Required work: Beneath this task are records; print exactly the stretch of them from the line with "Securing the Nation" through the line with "uxcell Uxcell 6mm", both ends included.

Task input:
○ ○ ○

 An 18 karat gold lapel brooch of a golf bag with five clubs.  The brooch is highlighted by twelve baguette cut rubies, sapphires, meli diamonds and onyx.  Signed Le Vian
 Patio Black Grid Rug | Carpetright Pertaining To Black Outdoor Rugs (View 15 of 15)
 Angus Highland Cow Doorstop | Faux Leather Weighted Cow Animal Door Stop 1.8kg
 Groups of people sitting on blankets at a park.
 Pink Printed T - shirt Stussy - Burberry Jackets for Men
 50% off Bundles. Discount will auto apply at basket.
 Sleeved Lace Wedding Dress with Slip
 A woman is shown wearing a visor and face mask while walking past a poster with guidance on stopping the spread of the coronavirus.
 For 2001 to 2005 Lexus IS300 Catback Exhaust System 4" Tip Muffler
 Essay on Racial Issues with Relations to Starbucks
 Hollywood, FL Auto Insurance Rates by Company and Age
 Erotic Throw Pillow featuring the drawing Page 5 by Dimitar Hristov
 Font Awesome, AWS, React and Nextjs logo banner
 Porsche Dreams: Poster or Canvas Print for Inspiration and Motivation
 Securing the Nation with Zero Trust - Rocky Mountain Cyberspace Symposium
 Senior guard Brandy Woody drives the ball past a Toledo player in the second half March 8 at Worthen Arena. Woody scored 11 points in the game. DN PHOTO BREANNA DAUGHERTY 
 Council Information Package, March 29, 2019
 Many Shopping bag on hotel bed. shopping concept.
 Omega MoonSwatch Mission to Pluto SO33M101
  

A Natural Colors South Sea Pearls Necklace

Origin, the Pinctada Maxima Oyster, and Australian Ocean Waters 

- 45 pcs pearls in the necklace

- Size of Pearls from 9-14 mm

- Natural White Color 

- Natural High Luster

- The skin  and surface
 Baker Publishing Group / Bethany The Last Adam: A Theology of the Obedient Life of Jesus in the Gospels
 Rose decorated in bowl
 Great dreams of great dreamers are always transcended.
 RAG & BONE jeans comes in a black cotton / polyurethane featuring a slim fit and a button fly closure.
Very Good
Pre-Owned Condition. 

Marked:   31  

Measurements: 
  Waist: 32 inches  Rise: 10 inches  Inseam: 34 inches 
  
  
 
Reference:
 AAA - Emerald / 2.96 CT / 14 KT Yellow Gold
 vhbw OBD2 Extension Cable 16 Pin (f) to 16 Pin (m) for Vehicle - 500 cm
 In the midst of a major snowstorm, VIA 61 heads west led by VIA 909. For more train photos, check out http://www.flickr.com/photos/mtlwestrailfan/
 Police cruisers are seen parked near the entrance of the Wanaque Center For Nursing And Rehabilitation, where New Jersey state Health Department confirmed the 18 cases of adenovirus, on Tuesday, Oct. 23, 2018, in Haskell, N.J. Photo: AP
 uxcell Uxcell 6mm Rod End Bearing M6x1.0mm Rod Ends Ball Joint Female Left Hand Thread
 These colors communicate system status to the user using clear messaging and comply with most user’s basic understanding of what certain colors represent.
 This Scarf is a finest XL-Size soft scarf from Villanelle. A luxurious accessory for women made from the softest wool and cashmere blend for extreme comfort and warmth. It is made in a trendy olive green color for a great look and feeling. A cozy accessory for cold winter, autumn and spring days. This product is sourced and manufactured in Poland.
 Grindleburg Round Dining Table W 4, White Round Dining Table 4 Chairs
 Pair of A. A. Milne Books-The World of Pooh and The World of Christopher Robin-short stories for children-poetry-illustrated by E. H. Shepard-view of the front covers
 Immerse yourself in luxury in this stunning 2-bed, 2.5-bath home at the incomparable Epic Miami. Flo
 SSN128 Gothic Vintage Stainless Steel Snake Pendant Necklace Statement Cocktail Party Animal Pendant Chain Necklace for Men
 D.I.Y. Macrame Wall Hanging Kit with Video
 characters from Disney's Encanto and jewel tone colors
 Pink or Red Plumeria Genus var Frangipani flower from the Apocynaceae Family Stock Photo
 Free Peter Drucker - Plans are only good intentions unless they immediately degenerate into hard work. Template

○ ○ ○

Response to the task:
 Securing the Nation with Zero Trust - Rocky Mountain Cyberspace Symposium
 Senior guard Brandy Woody drives the ball past a Toledo player in the second half March 8 at Worthen Arena. Woody scored 11 points in the game. DN PHOTO BREANNA DAUGHERTY 
 Council Information Package, March 29, 2019
 Many Shopping bag on hotel bed. shopping concept.
 Omega MoonSwatch Mission to Pluto SO33M101
  

A Natural Colors South Sea Pearls Necklace

Origin, the Pinctada Maxima Oyster, and Australian Ocean Waters 

- 45 pcs pearls in the necklace

- Size of Pearls from 9-14 mm

- Natural White Color 

- Natural High Luster

- The skin  and surface
 Baker Publishing Group / Bethany The Last Adam: A Theology of the Obedient Life of Jesus in the Gospels
 Rose decorated in bowl
 Great dreams of great dreamers are always transcended.
 RAG & BONE jeans comes in a black cotton / polyurethane featuring a slim fit and a button fly closure.
Very Good
Pre-Owned Condition. 

Marked:   31  

Measurements: 
  Waist: 32 inches  Rise: 10 inches  Inseam: 34 inches 
  
  
 
Reference:
 AAA - Emerald / 2.96 CT / 14 KT Yellow Gold
 vhbw OBD2 Extension Cable 16 Pin (f) to 16 Pin (m) for Vehicle - 500 cm
 In the midst of a major snowstorm, VIA 61 heads west led by VIA 909. For more train photos, check out http://www.flickr.com/photos/mtlwestrailfan/
 Police cruisers are seen parked near the entrance of the Wanaque Center For Nursing And Rehabilitation, where New Jersey state Health Department confirmed the 18 cases of adenovirus, on Tuesday, Oct. 23, 2018, in Haskell, N.J. Photo: AP
 uxcell Uxcell 6mm Rod End Bearing M6x1.0mm Rod Ends Ball Joint Female Left Hand Thread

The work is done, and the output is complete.